Танцевать под эту музыку с партнёршей можно было, только будучи сильно пьяным, а южане, плотно обхватившие перекисно-водородных красоток, настоящей формы еще не набрали. Поэтому, потоптавшись по инерции ещё пару тактов, они отошли в сторону и заказали «Тбилисо». Почти сразу же басист ещё раз сбегал к апологетам таёжной музыки и, получив комок и пожелание «нанайскую!», прервал «Тбилисо» на самом интересном месте.
Далее события развивались во всё убыстряющемся темпе. «Нанайскую» сменяла «Тбилисо», «Тбилисо» — «нанайская».

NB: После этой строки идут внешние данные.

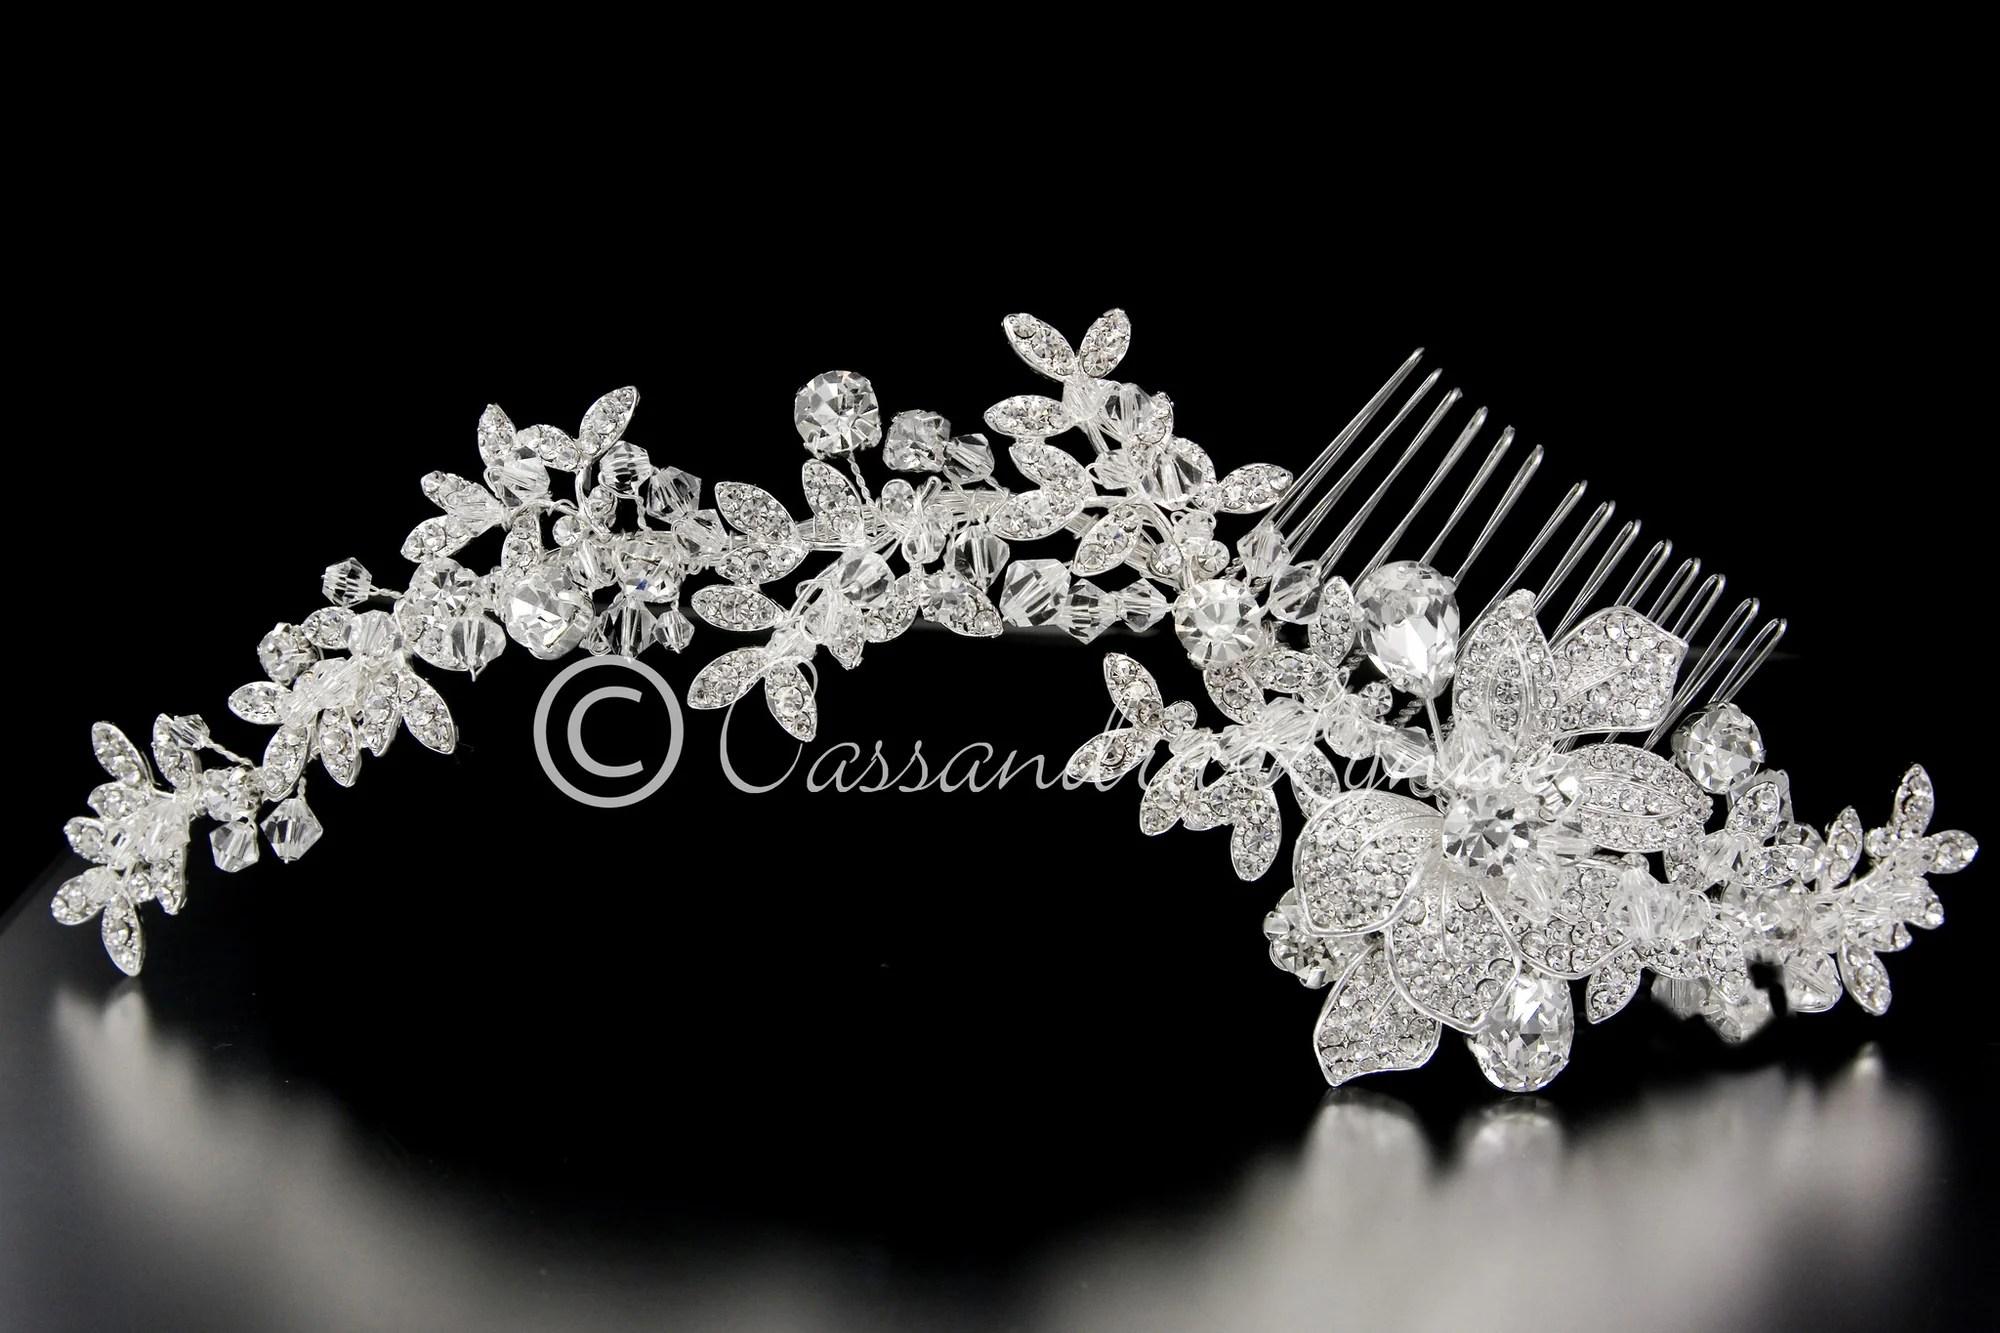 Crystal Bridal Hair Comb In A Rhinestone Vine Design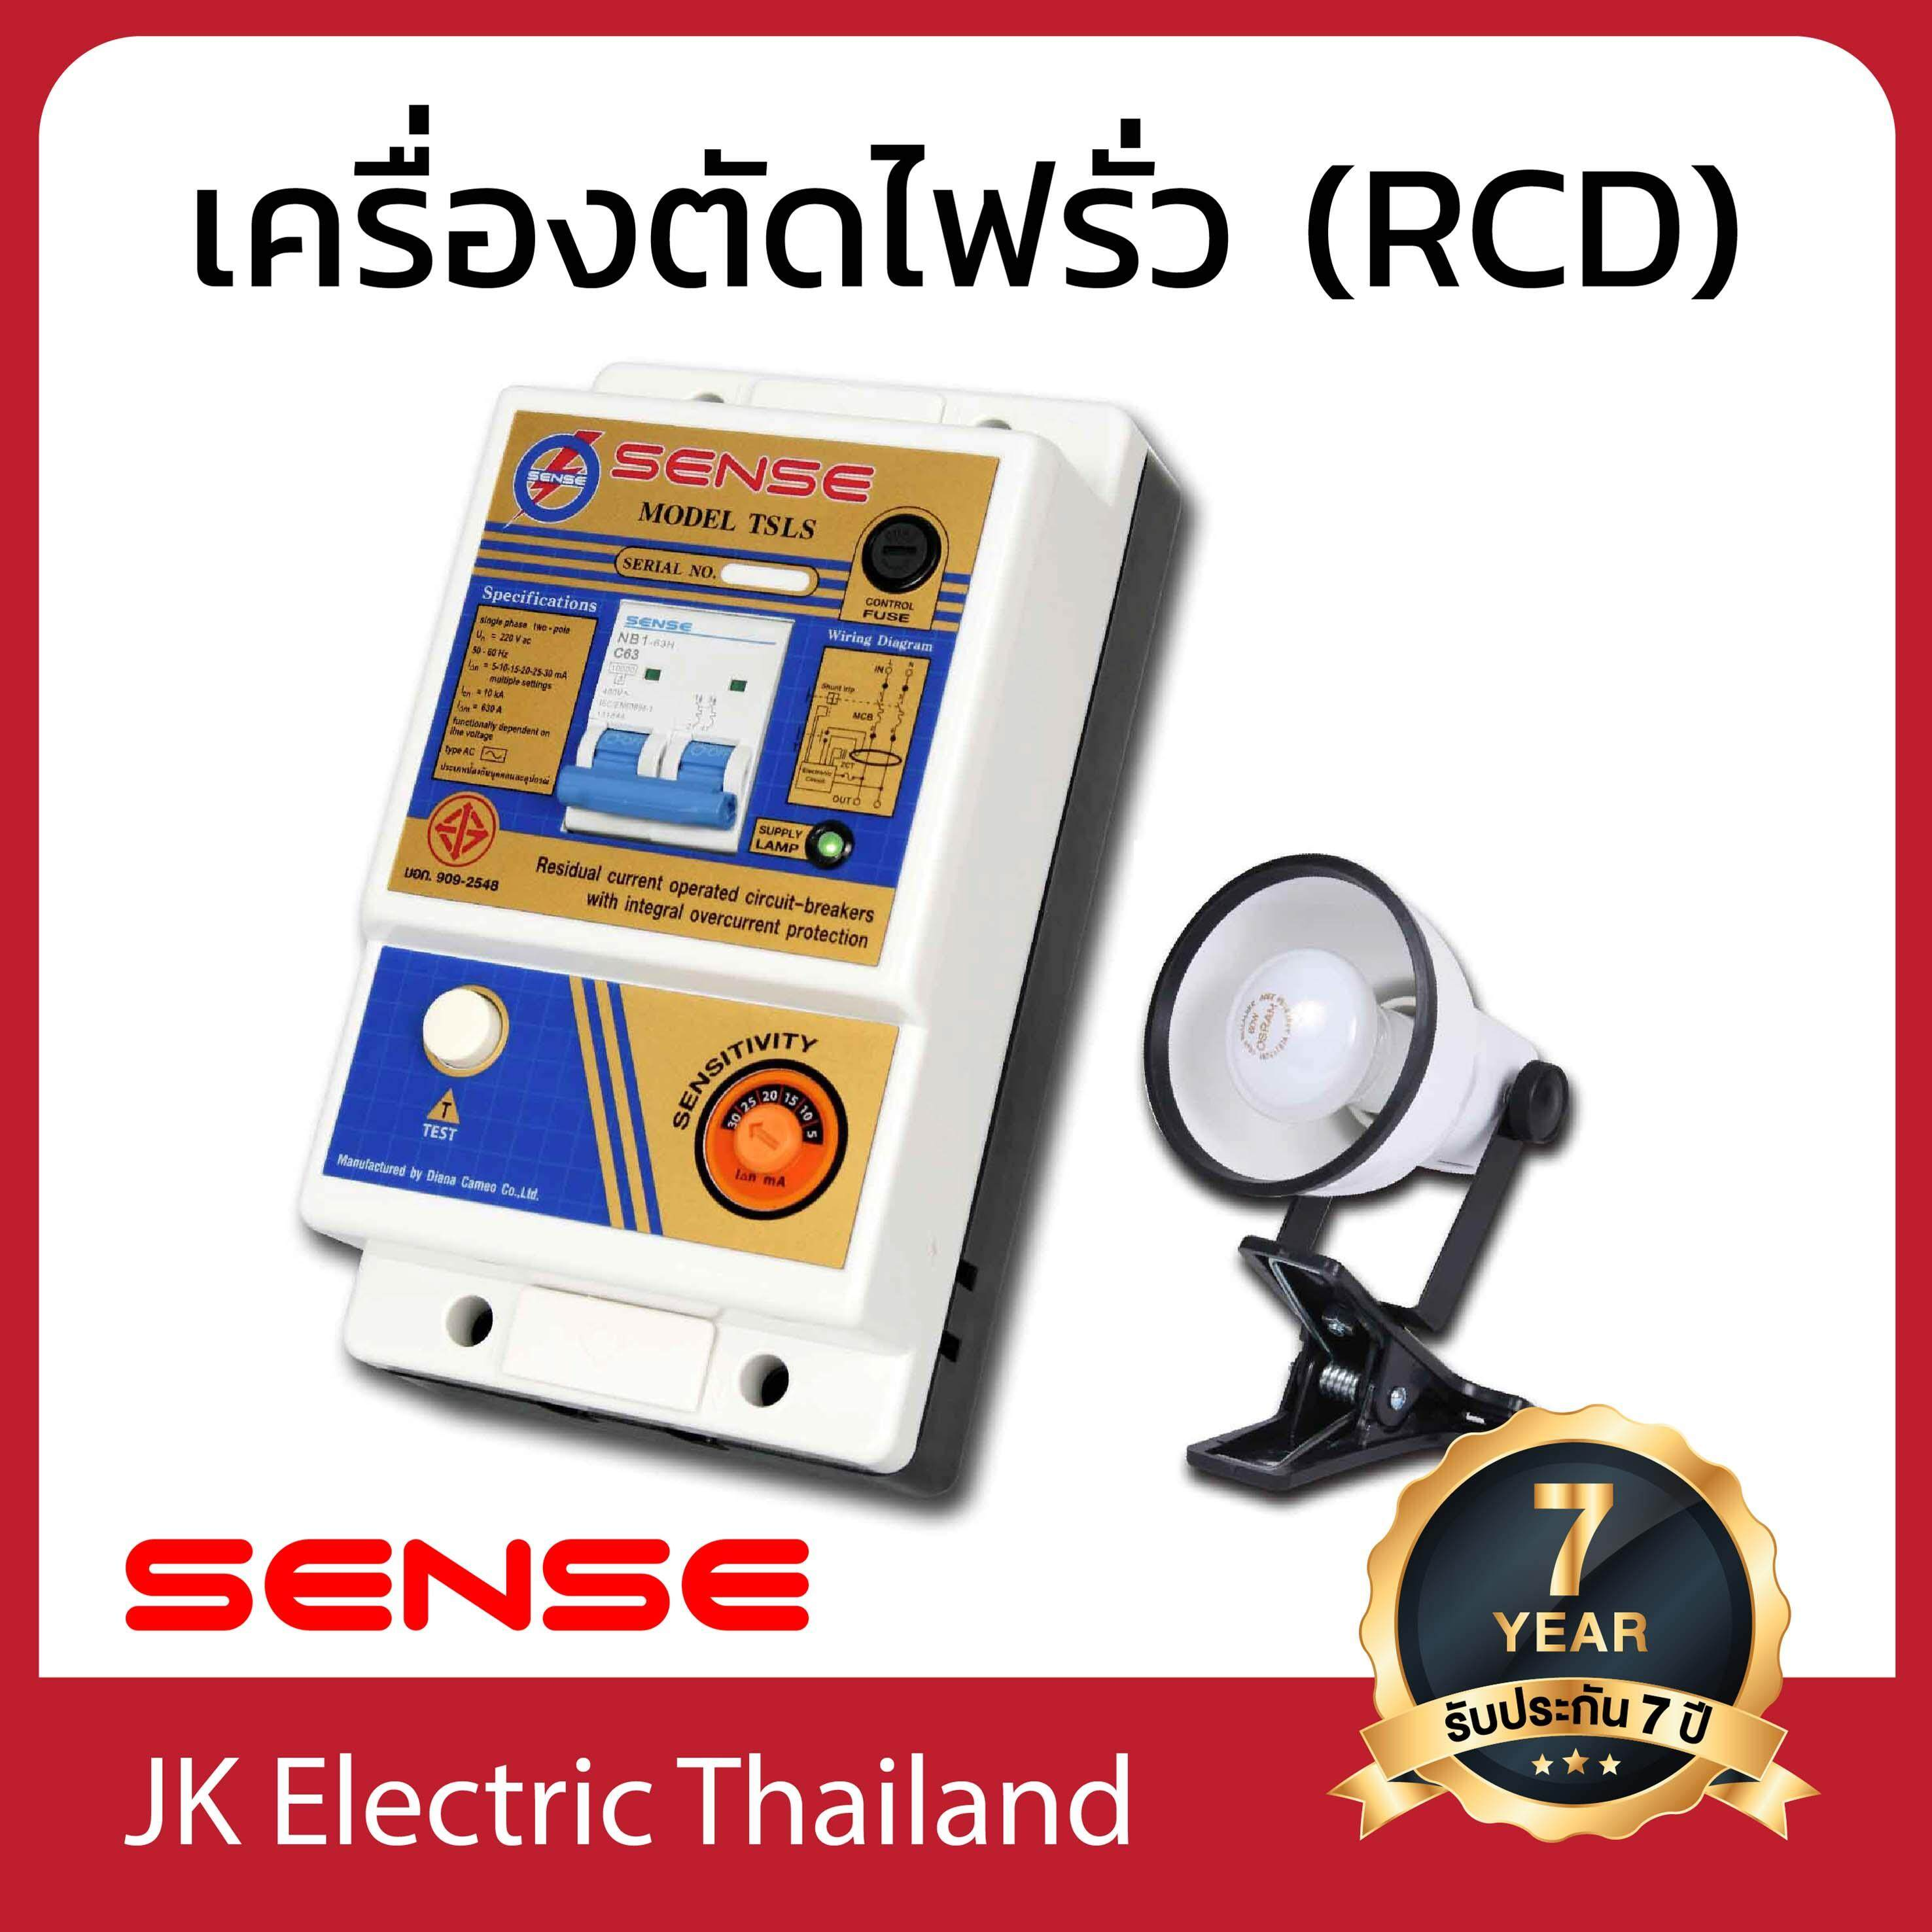 Sense กันดูด เครื่องตัดไฟ เครื่องตัดไฟรั่ว (rcd) พร้อมโคมไฟฉุกเฉิน เซนส์ รุ่น Tsls (ขนาดเมน 16a, 32a, 50a, 63a) ป้องกันไฟดูด ไฟช็อต ไฟรั่ว ใช้ไฟเกิน.

Один из приближённых унтоногого встал рядом с оркестром с большим комком денег и всё время отщипывал от него порции, тут же перебиваемые южанами таким образом, что пока половина музыкантов еще доигрывала «Тбилисо», другая половина уже распрягалась в нанайской теме, и наоборот.
Оркестр вошёл во вкус, и с каждым новым заходом «нанайская» звучала всё увесистее, хотя ясно было с самого начала, что топографов удовлетворило бы любое качество, лишь бы не слышать «Тбилисо».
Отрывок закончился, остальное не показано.